Healthcare and Life Science Use Cases (30:11)
Use Case 2-5 Deep Learning and Social Networks Use Cases
This covers Large-scale Deep Learning; Organizing large-scale, unstructured collections of consumer photos; Truthy: Information diffusion research from Twitter Data; Crowd Sourcing in the Humanities as Source for Bigand Dynamic Data; CINET: Cyberinfrastructure for Network (Graph) Science and Analytics and NIST Information Access Division analytic technology performance measurement, evaluations, and standards.
Deep Learning and Social Networks Use Cases (14:19)
Use Case 2-6 Research Ecosystem Use Cases
DataNet Federation Consortium DFC; The ‘Discinnet process’, metadata -big data global experiment; Semantic Graph-search on Scientific Chemical and Text-based Data and Light source beamlines.

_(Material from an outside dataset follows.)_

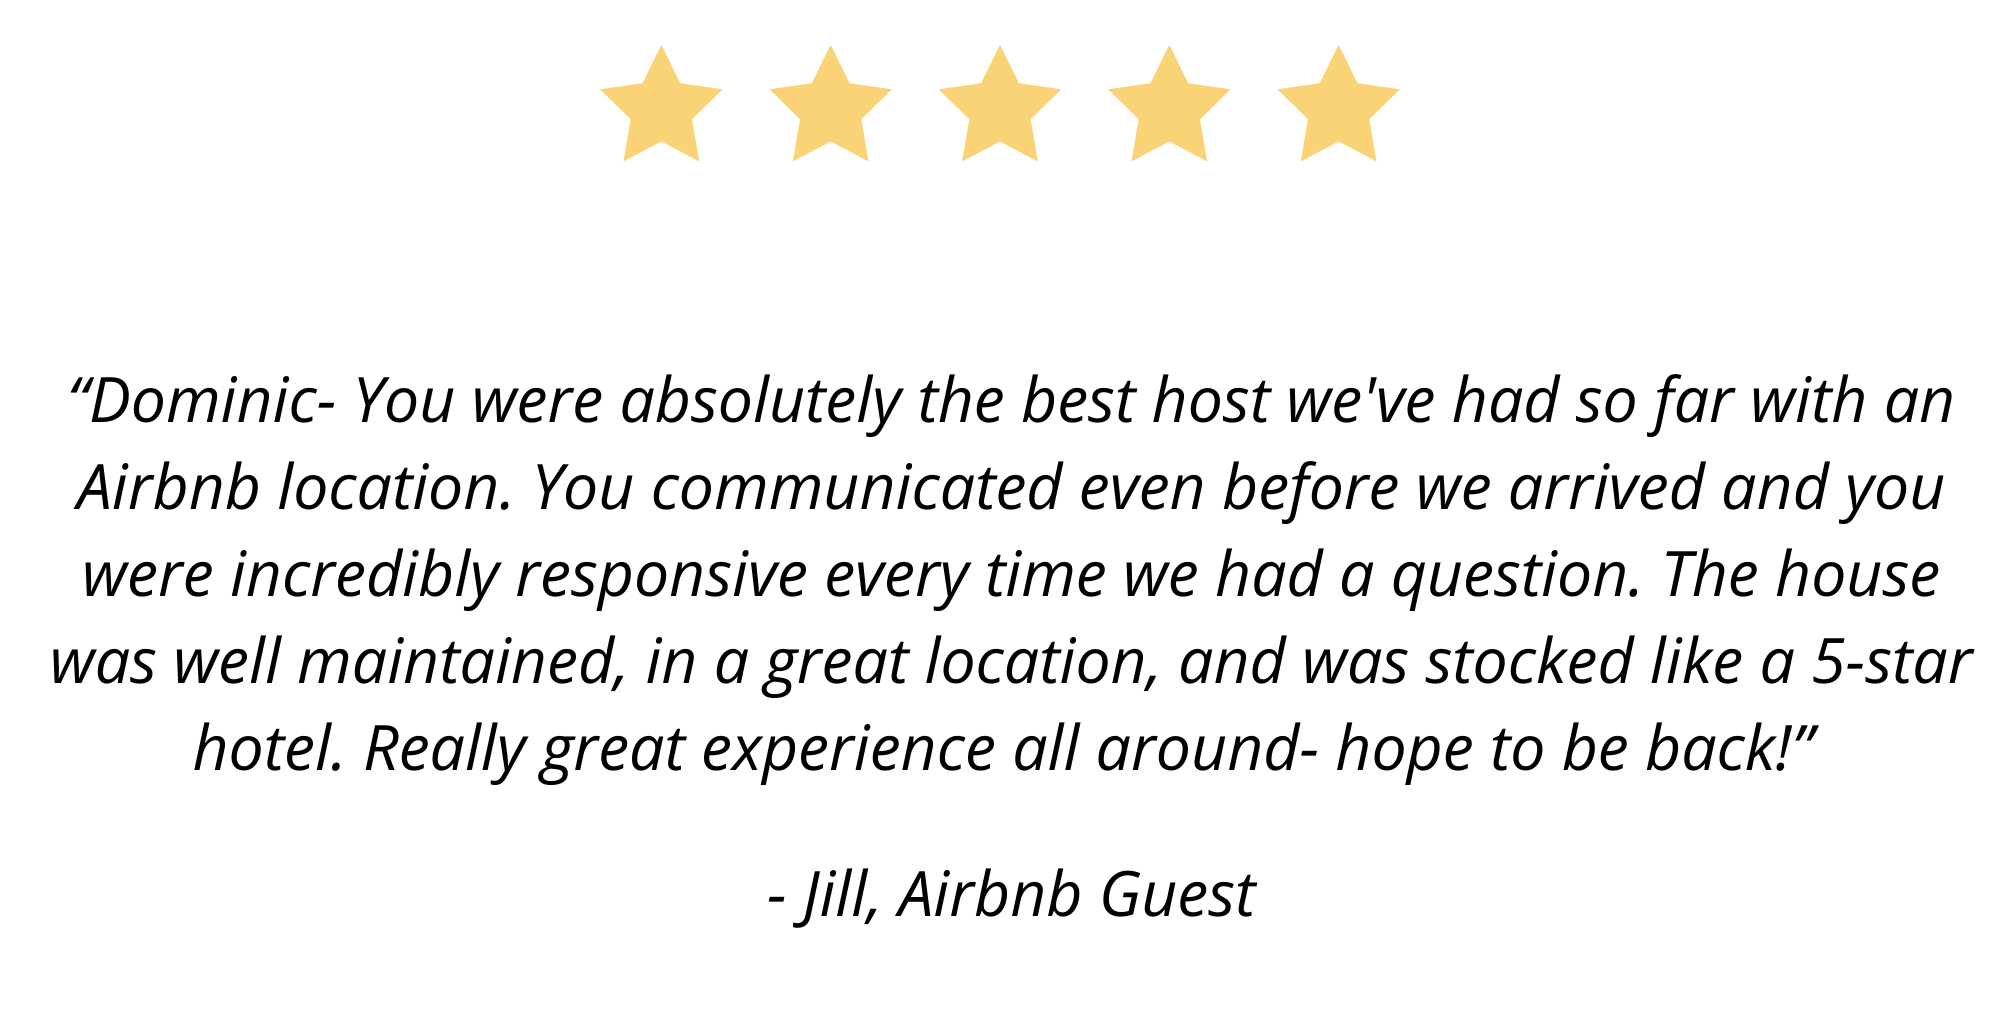 “Hi Dominic, Thanks for such a wonderful stay. We've completed the check-out steps and left the property now. You are the most attentive host we've ever had. We look forward to our next stay with you.” – Sei, Airbn.png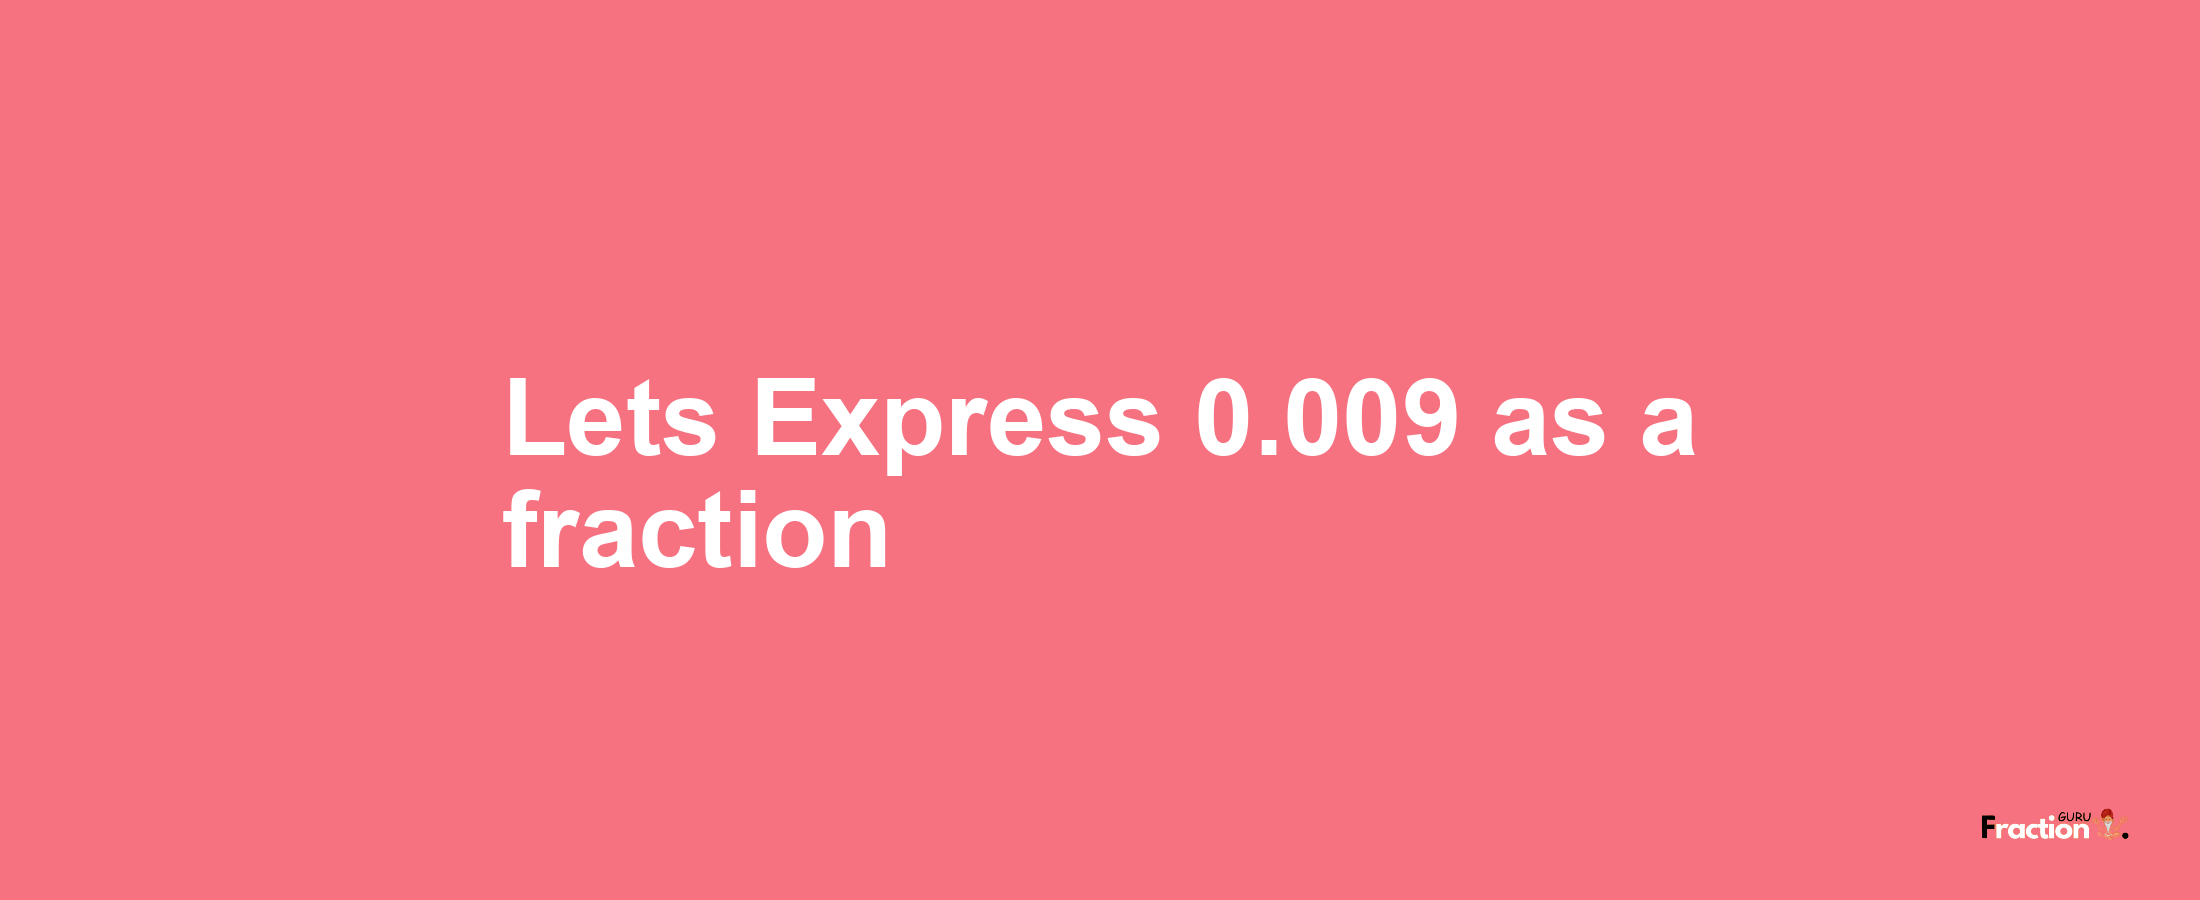 Lets Express 0.009 as afraction

Research Ecosystem Use Cases (9:09)
Use Case 2-7 Astronomy and Physics Use Cases
This covers Catalina Real-Time Transient Survey (CRTS): a digital, panoramic, synoptic sky survey; DOE Extreme Data from Cosmological Sky Survey and Simulations; Large Survey Data for Cosmology; Particle Physics: Analysis of LHC Large Hadron Collider Data: Discovery of Higgs particle and Belle II High Energy Physics Experiment.
Astronomy and Physics Use Cases (17:33)
Use Case 2-8 Environment, Earth and Polar Science Use Cases
EISCAT 3D incoherent scatter radar system; ENVRI, Common Operations of Environmental Research Infrastructure; Radar Data Analysis for CReSIS Remote Sensing of Ice Sheets; UAVSAR Data Processing, DataProduct Delivery, and Data Services; NASA LARC/GSFC iRODS Federation Testbed; MERRA Analytic Services MERRA/AS; Atmospheric Turbulence - Event Discovery and Predictive Analytics; Climate Studies using the Community Earth System Model at DOE’s NERSC center; DOE-BER Subsurface Biogeochemistry Scientific Focus Area and DOE-BER AmeriFlux and FLUXNET Networks.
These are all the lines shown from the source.